The ankle complex consists of three key joints; the talocrural, subtalar and distal tibiofibular. The talocrural joint is known as a hinge joint, movements such as plantarflexion, dorsiflexion, inversion and eversion can be experienced. However, due to the fibula being protracted superiorly towards the lateral malleolus compared to the tibia with medial malleolus, eversion movements become restricted. This is why inversion injuries may be more frequent in the lateral ankle complex.

Symptoms of Lateral Ankle Sprain

A few symptoms of a lateral ankle sprain are as follows:

  • Tenderness and swelling
  • Bruising around the ankle joint
  • Tenderness on palpation around the joint
  • Unable to place full body weight onto the joint
  • Restricted range of movement
  • General pain and discomfort

Causes of Lateral Ankle Sprain

A lateral ankle sprain may occur when the ankle joint is forced out of its natural position, causing an overstretch within the ligaments around the joint. This therefore results in a possible partial tear or complete tear.
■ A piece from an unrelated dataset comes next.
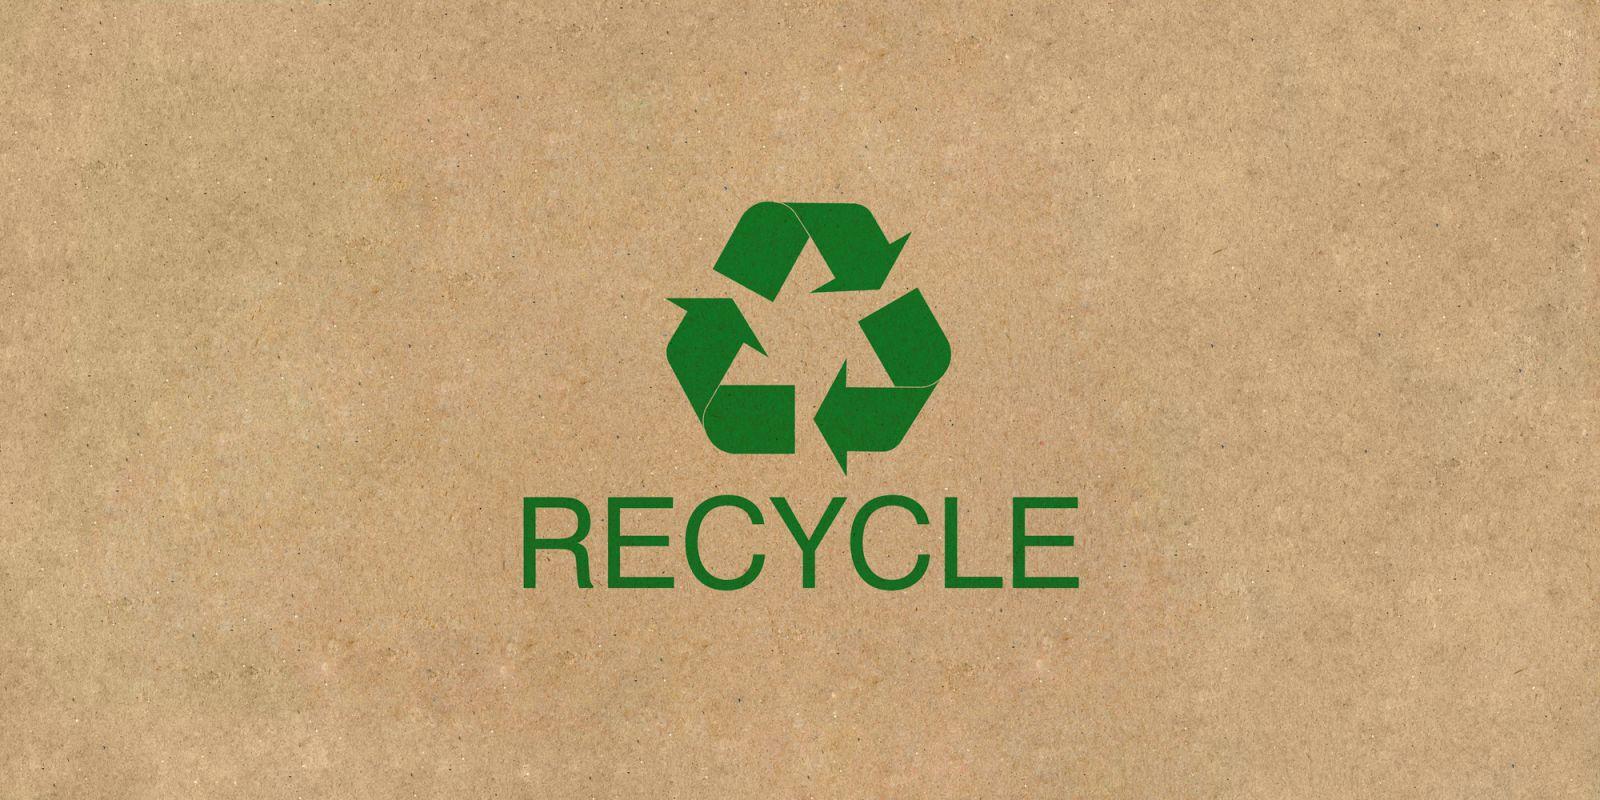 تعرف على الدولة الرائدة في العالم لإعادة التدوير..

Some causes may consist of wrongly falling on the ankle, causing it to twist or awkwardly landing from a jump or pivoting. Another cause can be walking or running on an uneven surface resulting in loss of balance, or another person unintentionally landing on the ankle during a sporting event.

How to Diagnose a Lateral Ankle Sprain?

An injury to the ankle complex is classified by grades I to III to distinguish the severity of ligamentous damage and indisposition of the sprain. Lateral ankle injuries consist of two types of dysfunction, one being mechanical instability and the other being functional instability.

Both of these elements influence the acute injury, implying that once an individual has sustained a lateral ankle injury, the development of chronic ankle instability may transpire soon after. The incidence of CAI may be present due to mechanical instability from where ligaments have not healed properly in the ankle region and joint laxity becomes affected.

Specific Tests can also be used to help with the diagnosis of a lateral ankle sprain:

  • The Anterior Draw test: Tests the ATFL
  • Talar tilt test: Tests the CFL
  • Posterior Draw test: Tests the PTFL

Treatment Methods for Lateral Ankle Sprain

Treatment for a lateral ankle sprain can vary as it will be dependent on the severity of the injury.

  • The first step that should be taken 24-72 hours after the injury is sustained would be to reduce the amount of swelling around the joint. An individual should follow the RICE model. Rest, Ice Compress and Elevate. This would include using a cold compress on the ankle and making sure no weight is placed on the joint.
  • Soft tissue massage therapy may also be used to assist with the removal of oedema and aid in mild stretching. However, this technique should only be performed once swelling and bruising has reduced around the joint.
  • Once the ankle can handle some weight being placed onto it, rehabilitation exercises given by a Physiotherapist or doctor should be performed. This will help decrease stiffness around the joint, increase ankle strength and prevent any further complications such as long-term chronic ankle instability issues. These exercises may consist of proprioceptive, strengthening and early motion specific training exercises.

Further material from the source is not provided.